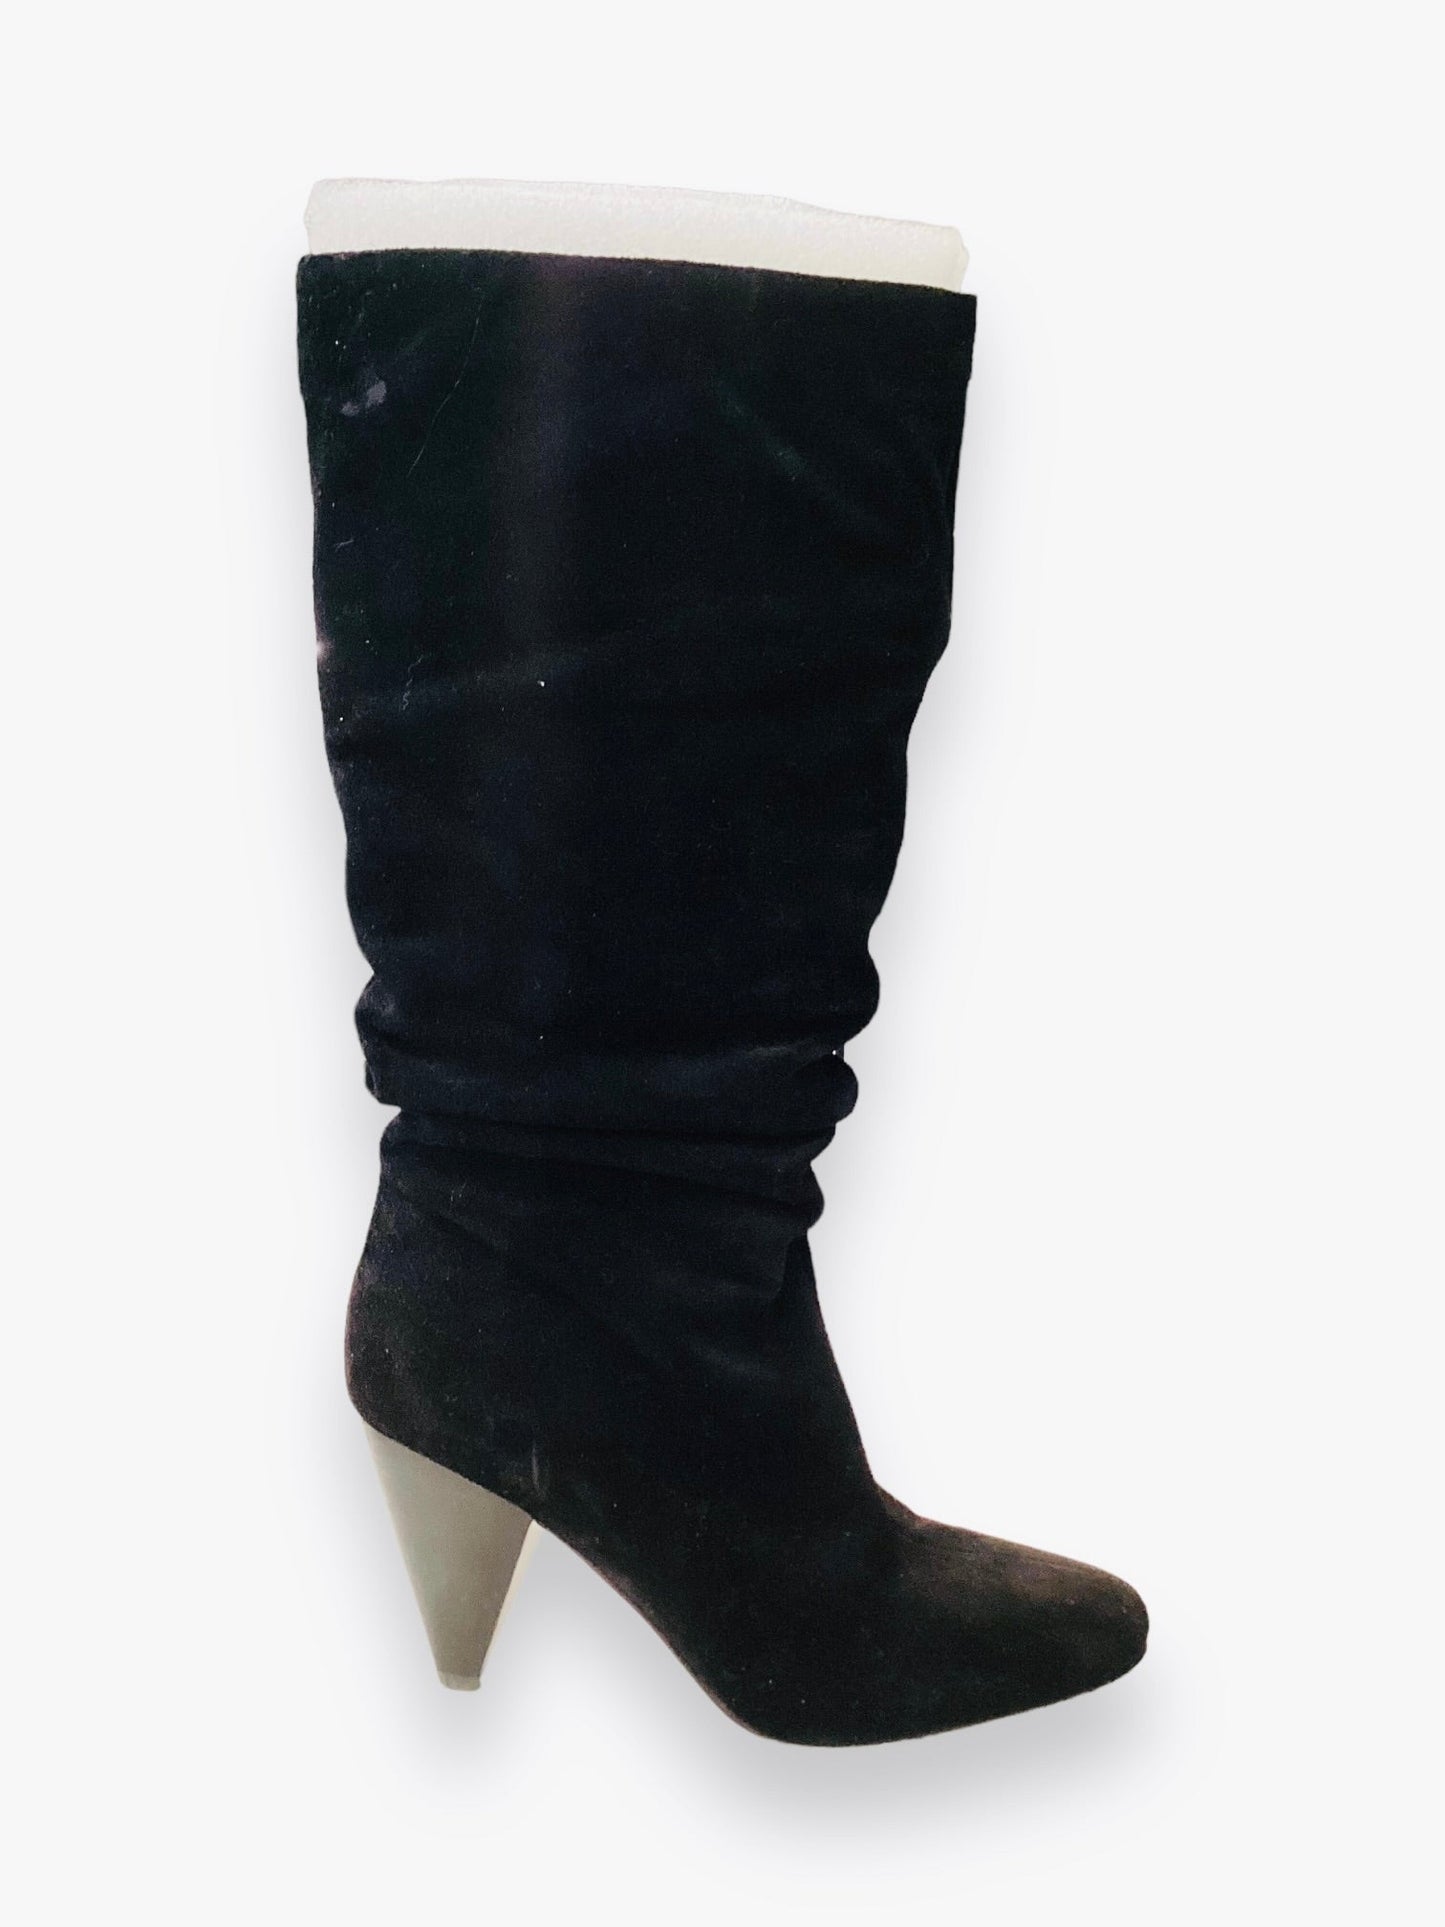 Black Boots Knee Heels Vince Camuto, Size 8
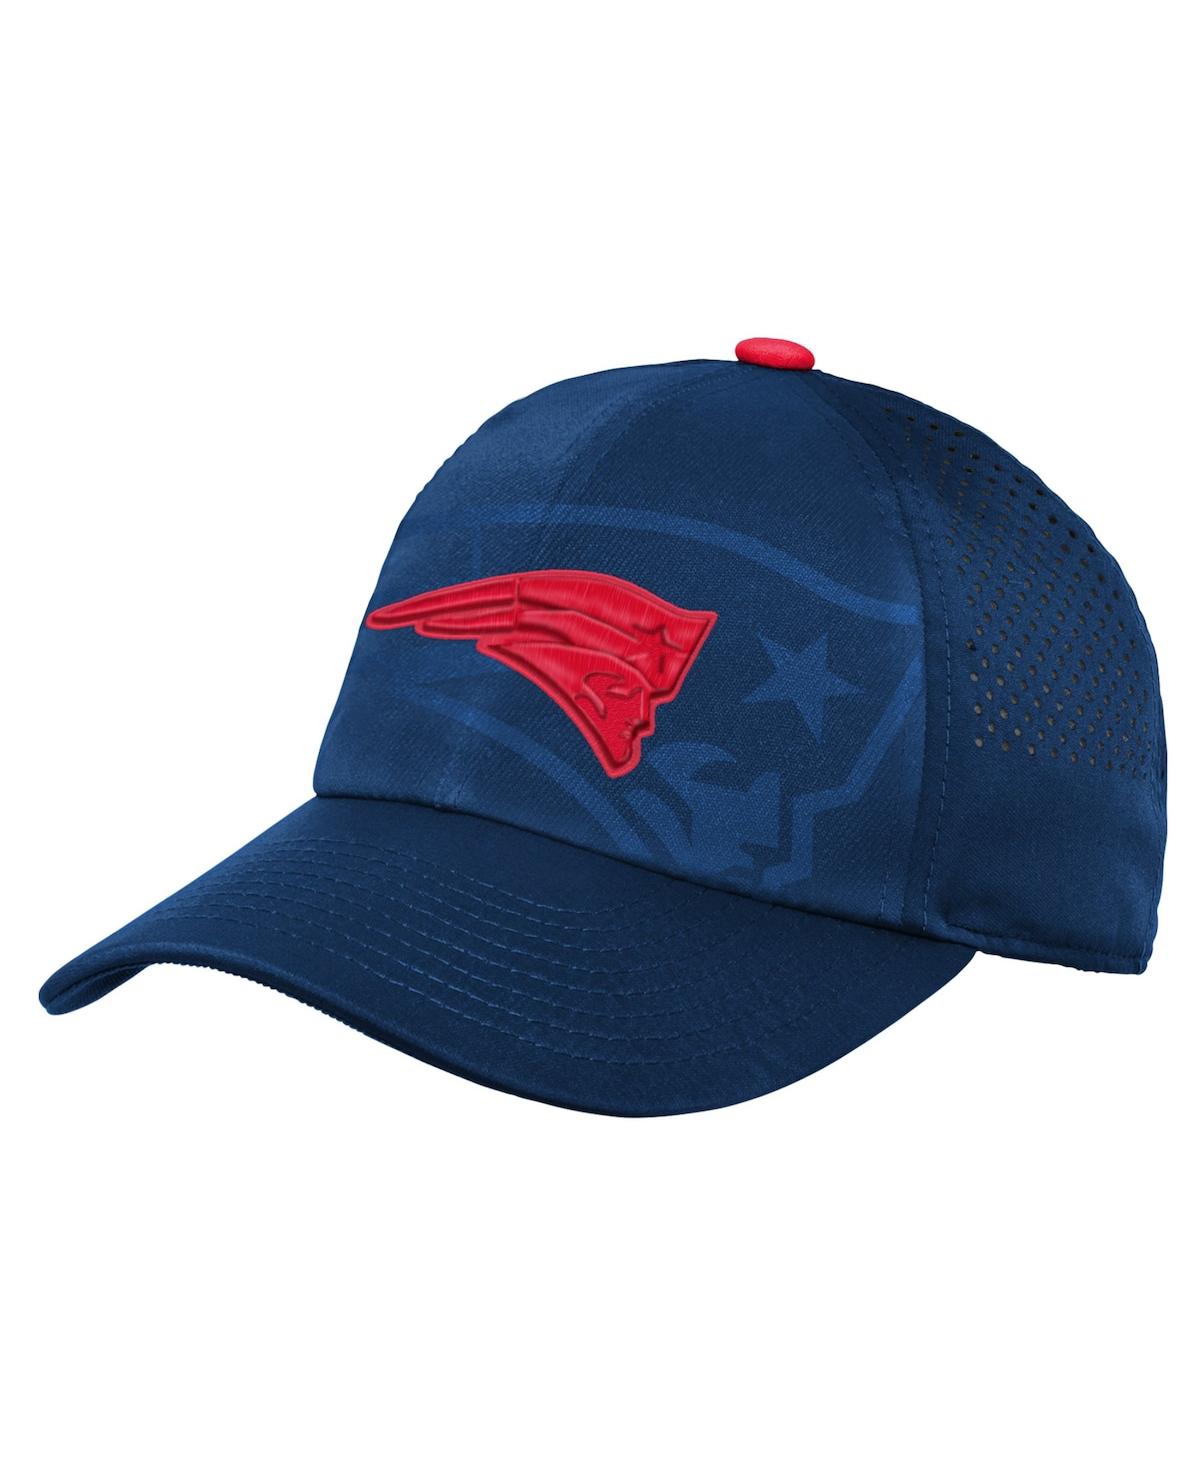 Outerstuff Kids' Youth Boys And Girls Navy New England Patriots Tailgate Adjustable Hat In Blue
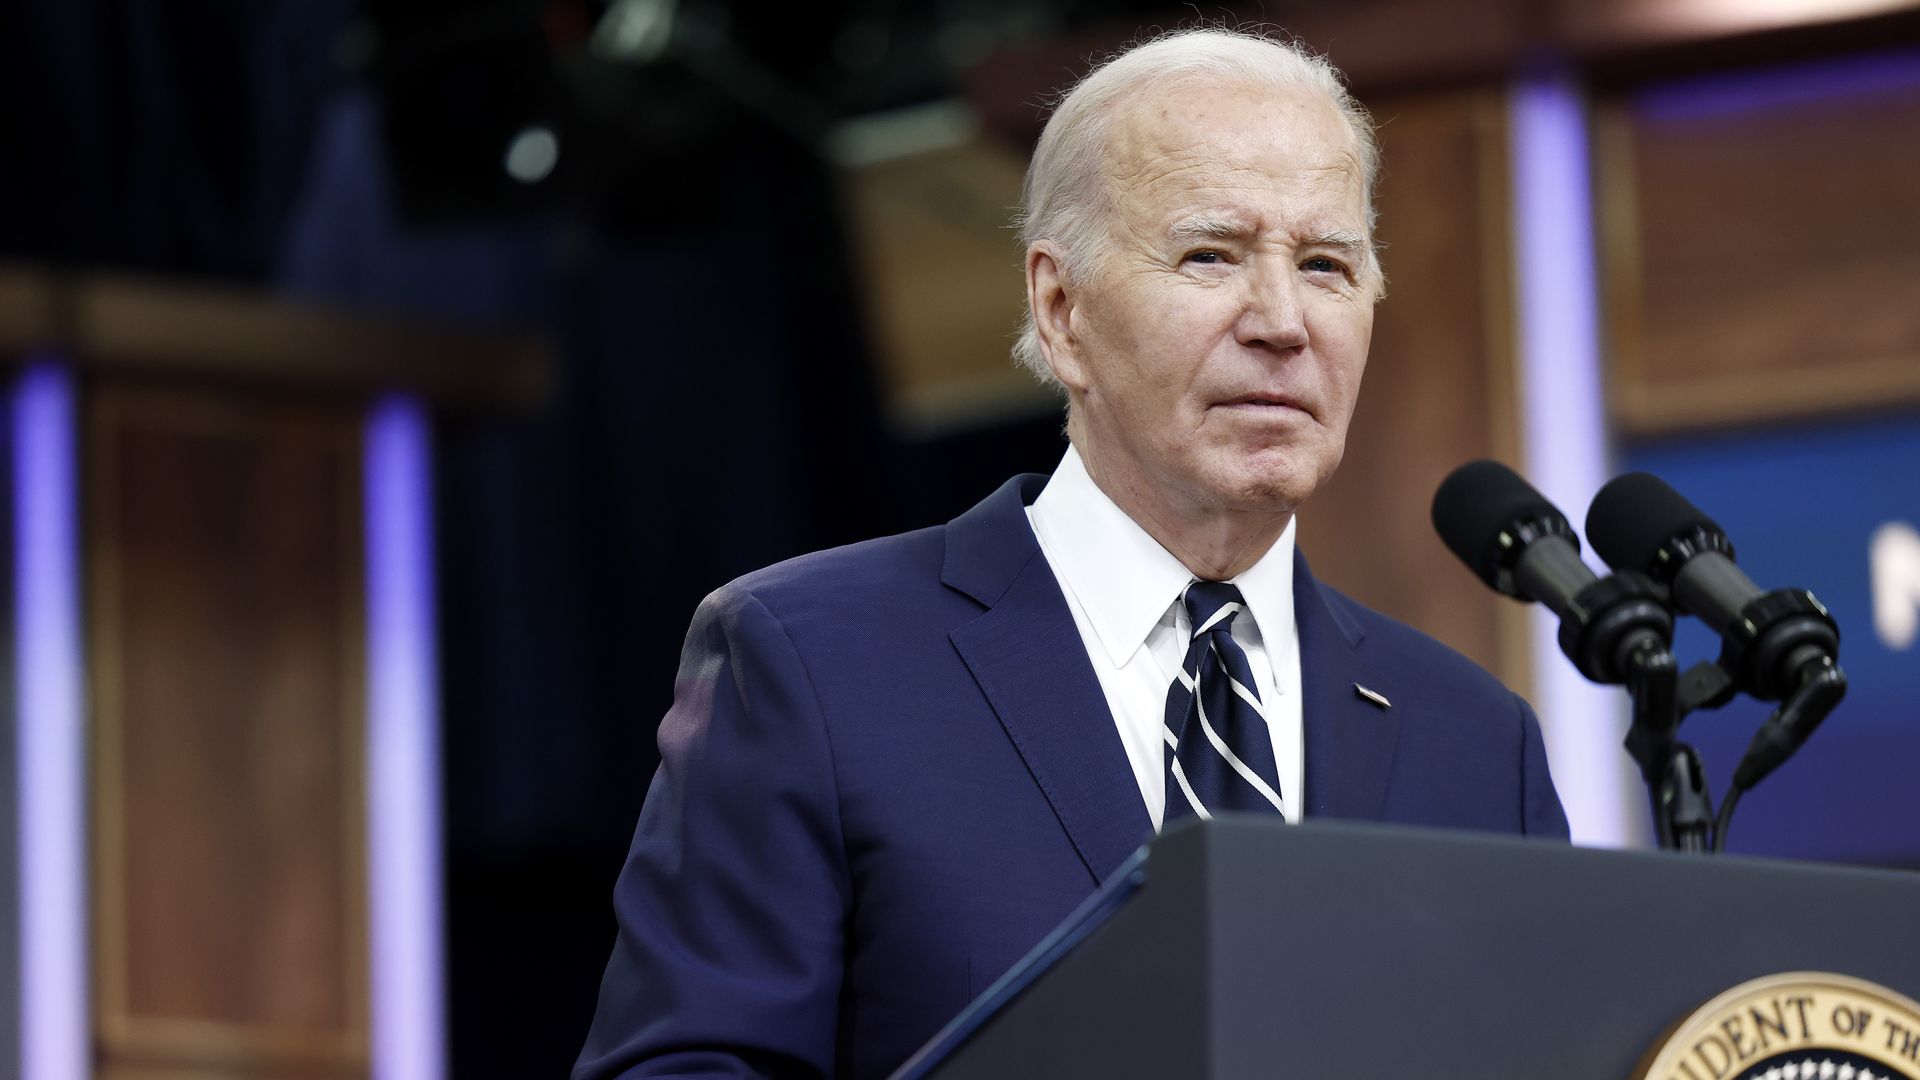 Biden: The United States Does Not Support a Counterattack in Iran
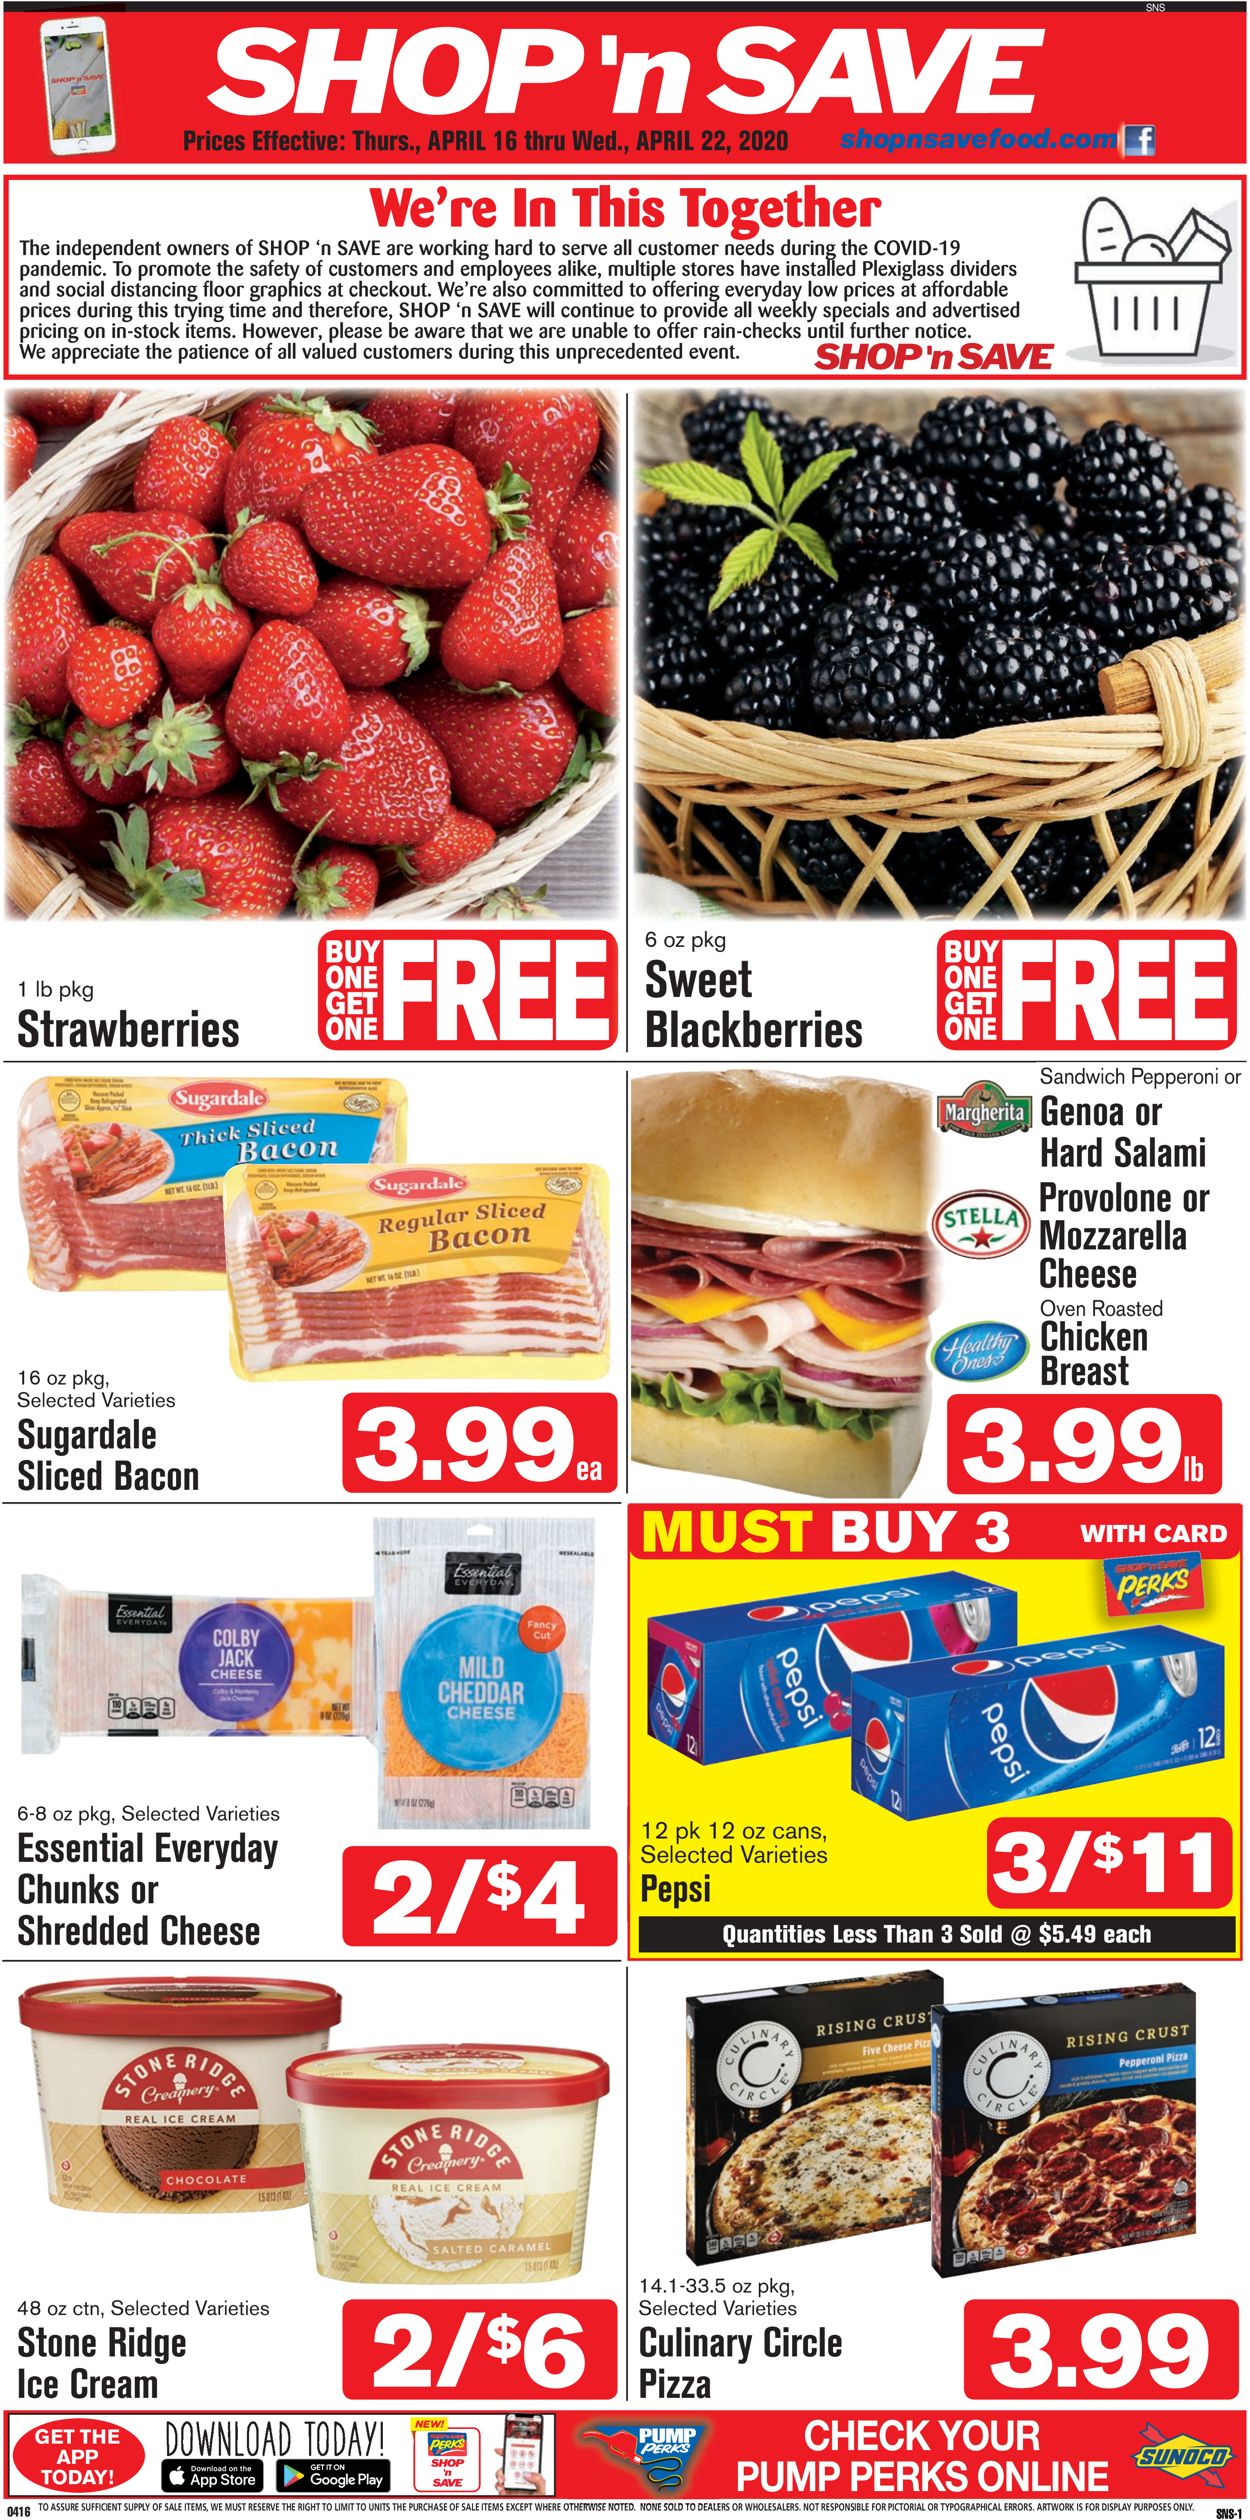 Shop ‘n Save Current weekly ad 04/16 04/22/2020

■ **What you should do**
All of the lines above should be copied exactly, apart from the pictures.

■ **Solved problem**
 Black Boots Knee Heels Vince Camuto, Size 8
 Outerstuff Kids' Youth Boys And Girls Navy New England Patriots Tailgate Adjustable Hat In Blue
 Biden: The United States Does Not Support a Counterattack in Iran
 Shop ‘n Save Current weekly ad 04/16 04/22/2020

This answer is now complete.